Step 6: Integrate into the full SCR flue gas treatment train. The upstream particulate and acid gas control stages directly affect catalyst life. Confirm that the upstream cleanup performance is sufficient to keep catalyst poison loading within the design basis.
Step 7: Define acceptance tests. NOx inlet and outlet at rated and minimum load, NH₃ slip at rated load, ΔP baseline at clean catalyst condition, and temperature-window validation across the operating range.

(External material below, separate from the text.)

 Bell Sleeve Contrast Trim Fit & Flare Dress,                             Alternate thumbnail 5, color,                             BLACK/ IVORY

The TCO advantage of low-temperature SCR in waste incineration is concentrated in three areas:
Eliminated reheating cost. A tail-end SCR installation that does not require flue-gas reheating saves the fuel or electricity that would otherwise be consumed every operating hour. For a plant running 8,000 hours per year with a reheating duty of several MW, this is a material annual saving that compounds over the catalyst's service life.
Reduced thermal cycling stress. Reheating equipment — gas burners, electric heaters, steam heat exchangers — introduces thermal cycling into the ductwork and expansion joints at every load change. Eliminating reheating removes this stress mechanism, reducing the maintenance frequency and failure risk of the ductwork components downstream of the reheating point.

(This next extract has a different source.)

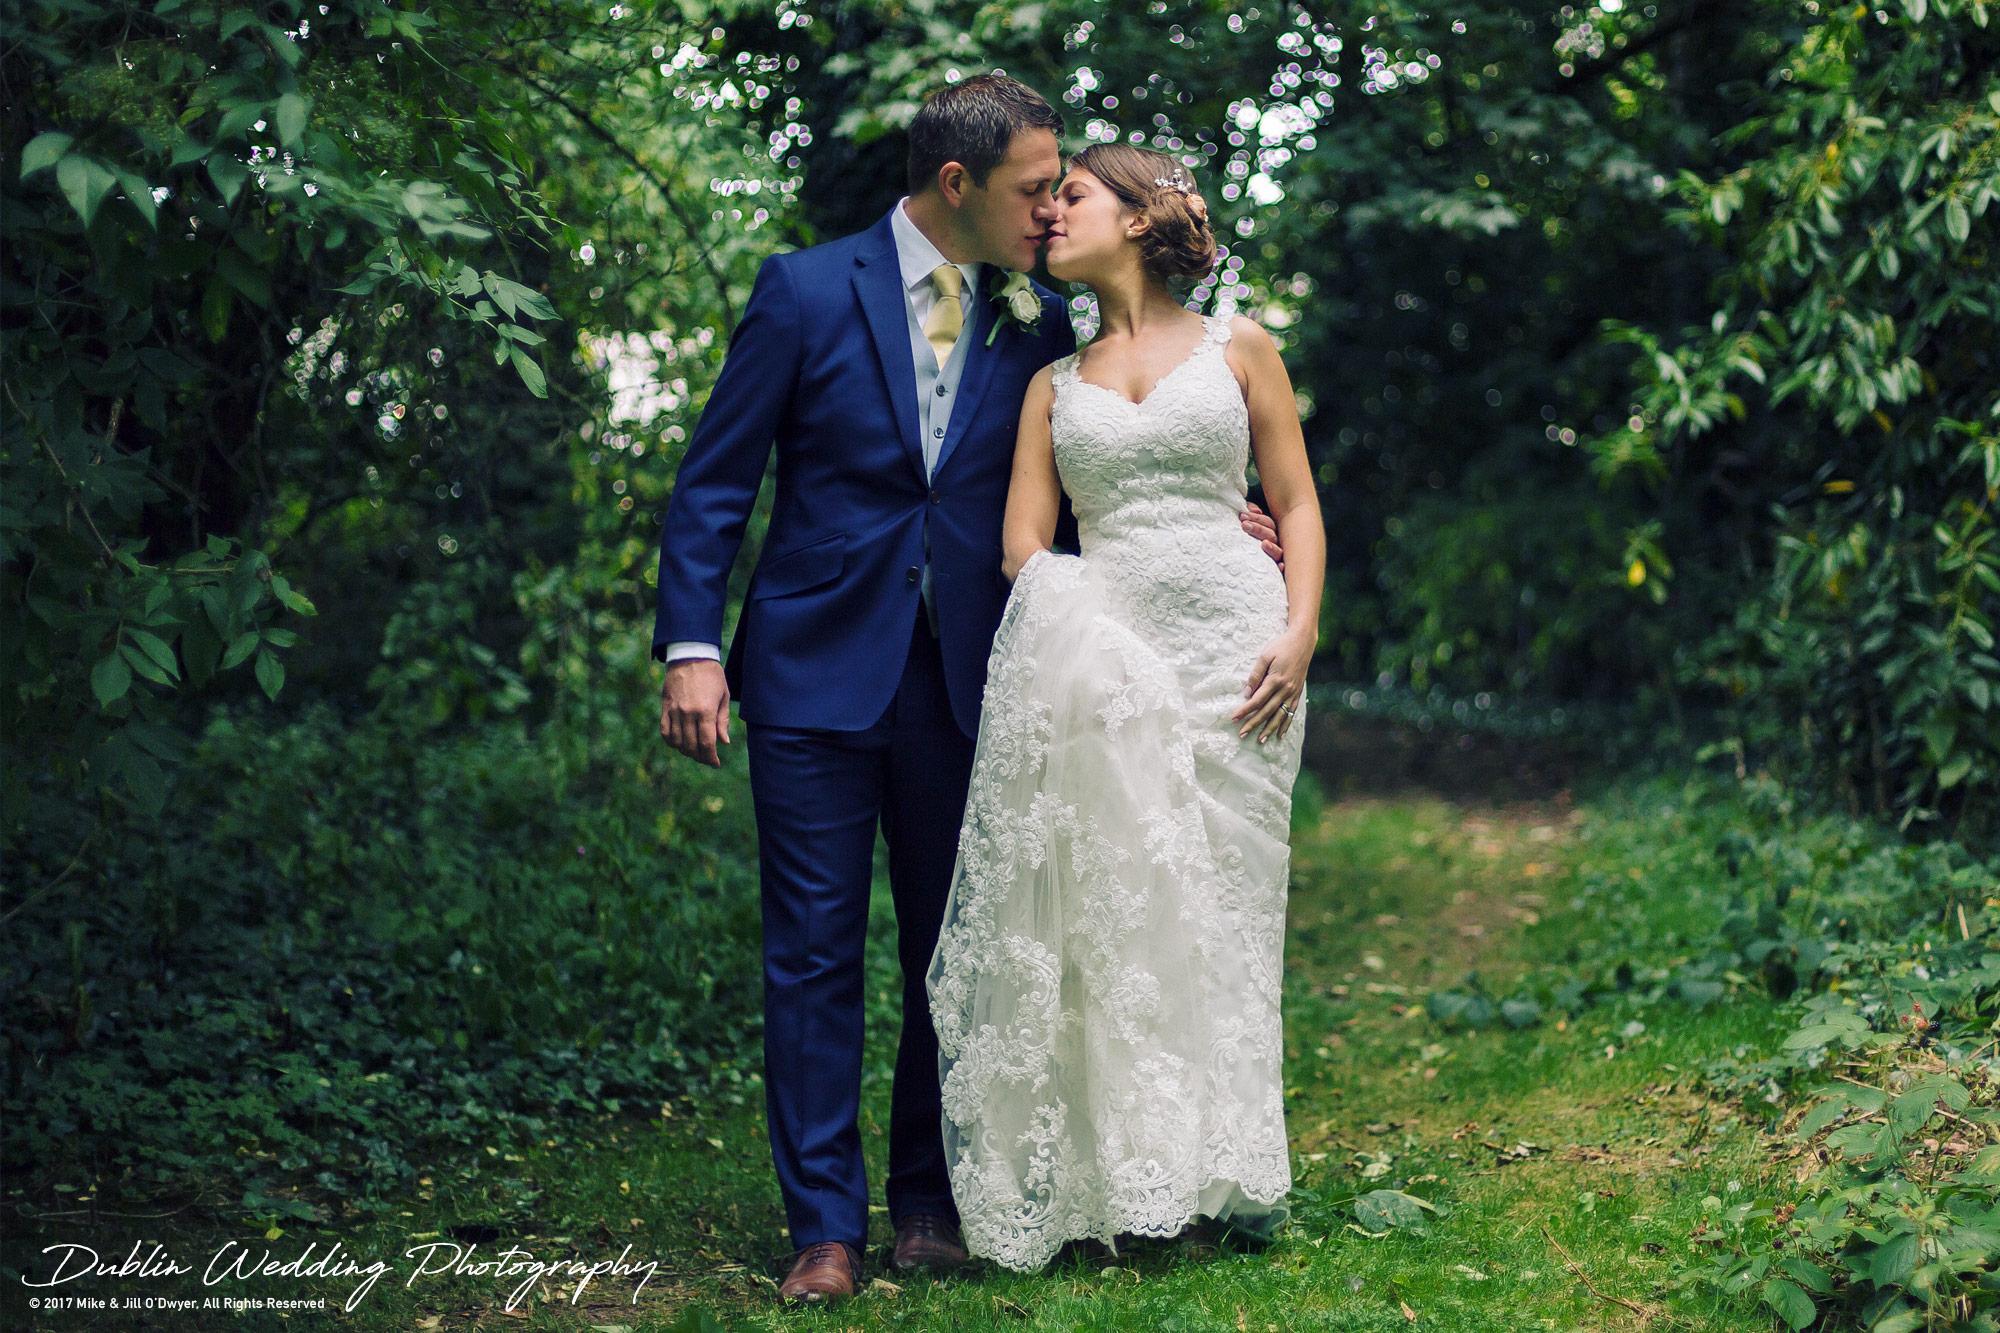 Wedding Photographer Killashee House Hotel Kildare Bride & Groom Kissing in the Woods

More stable low-load compliance. A low-temperature catalyst that remains active at 160°C–180°C maintains NOx removal efficiency during the low-load periods when a high-temperature catalyst would be approaching its lower activity threshold. This reduces the frequency of compliance exceedances during load transitions and startup — which are the events most likely to trigger regulatory attention.
Maintenance practices that protect catalyst life in incineration duty: continuous ΔP trend monitoring to detect dust accumulation before plugging affects performance; scheduled visual inspections at planned outages for deposit formation and catalyst surface condition; and control system tuning to maintain the NH₃/NOx ratio within the design range across the full load range, balancing NOx removal efficiency against NH₃ slip.
Ultra-low NOx compliance in 2026 waste incineration requires consistent performance under variable, chemically complex flue-gas conditions — not just compliance at the design-point test. A low-temperature SCR system engineered as part of a complete SCR flue gas treatment train can achieve outlet NOx below 75 mg/Nm³, as demonstrated at the Ningbo Waste Incineration Plant, while eliminating the reheating energy penalty that makes high-temperature SCR expensive to operate in tail-end incineration layouts.
The selection approach is: characterize the actual flue-gas temperature profile and poison loading first, confirm that the catalyst specification addresses the specific deactivation mechanisms present in incineration duty, and design the AIG and reactor as an integrated system rather than independent components.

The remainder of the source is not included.